Também é comum o cliente se lembrar de detalhes durante o andamento do projeto e ligar para acrescentar mais informações, que podem contribuir de forma definitiva na criação ou acabarem sendo descartadas. Isto, no entanto, não chega a ser preocupante.

O briefing tem de ser filho único porque serve de leme na hora de direcionar a criação. Como todos sabemos, todo barco só tem um leme. E é aqui que nasce a grande dor de cabeça das agências, produtoras e escritórios: tem muito cliente querendo encher o barco de lemes, com cada irmão remando um deles.

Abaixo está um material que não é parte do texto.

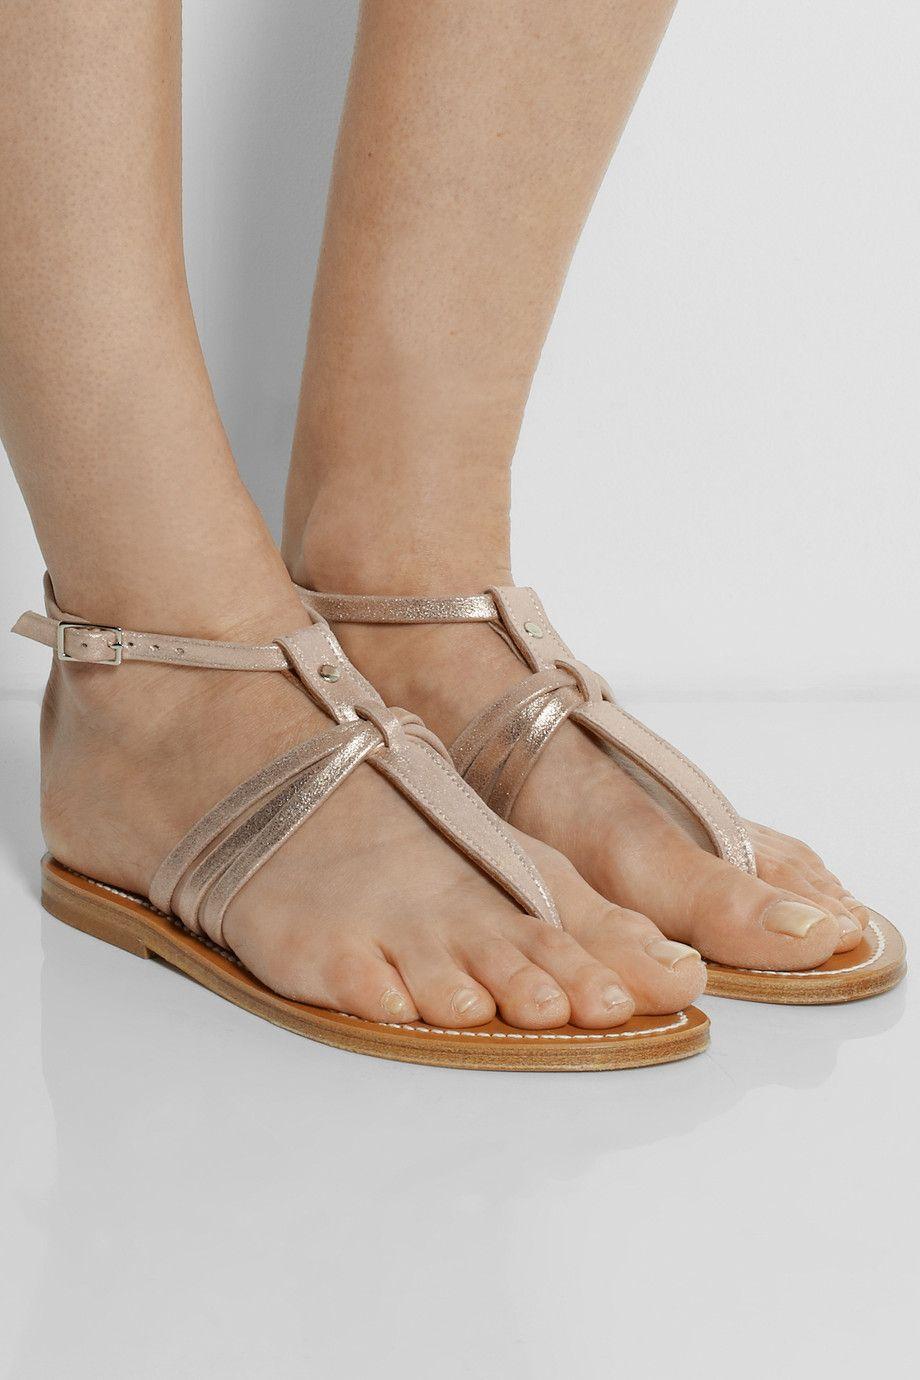 K Jacques St. Tropez Metallic Leather Sandals high quality online nQ951Bncm

Quando o próprio cliente não sabe o que quer, mas sabe que precisa de uma marca forte, de uma nova identidade ou mesmo de uma adaptação de material, pode ter certeza de que a dor de cabeça será forte. E com certeza, pode cobrar mais caro porque o trabalho será mais complexo que o usual, tendo de cuidar de vários irmãos, cada um remando seu barco para um lado.

O cliente mais complicado que existe é aquele que não consegue definir um briefing, mudando de idéia o tempo todo e modificando o trabalho de criação indefinidamente. Não que isso seja errado. Se houve um erro ou uma interpretação incorreta, é certo que deva ser corrigida, mas o cliente que muda de idéia depois de folhear uma revista e ver "uma logo" bonita é o tipo de cliente que - no mínimo - precisa ser muito bem orientado. Orientado quanto ao que é um trabalho de criação e o que um logotipo (logomarca não existe!) ou uma campanha representam. Ou seja, precisa saber como criar o filho que ficará sob a sua guarda.

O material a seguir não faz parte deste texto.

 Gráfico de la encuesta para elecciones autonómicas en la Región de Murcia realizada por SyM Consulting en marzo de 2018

Um briefing bem feito pode ser mais da metade do caminho andado, pois facilita o trabalho não só do design, mas do marketing, do atendimento e acredite, até da administração. Quando todos trabalham juntos, o barco segue firme numa direção.

Agora, se você quiser tentar, coloque vários moleques num barco e mande cada um remar numa direção. É ainda mais divertido se o barco não possuir leme!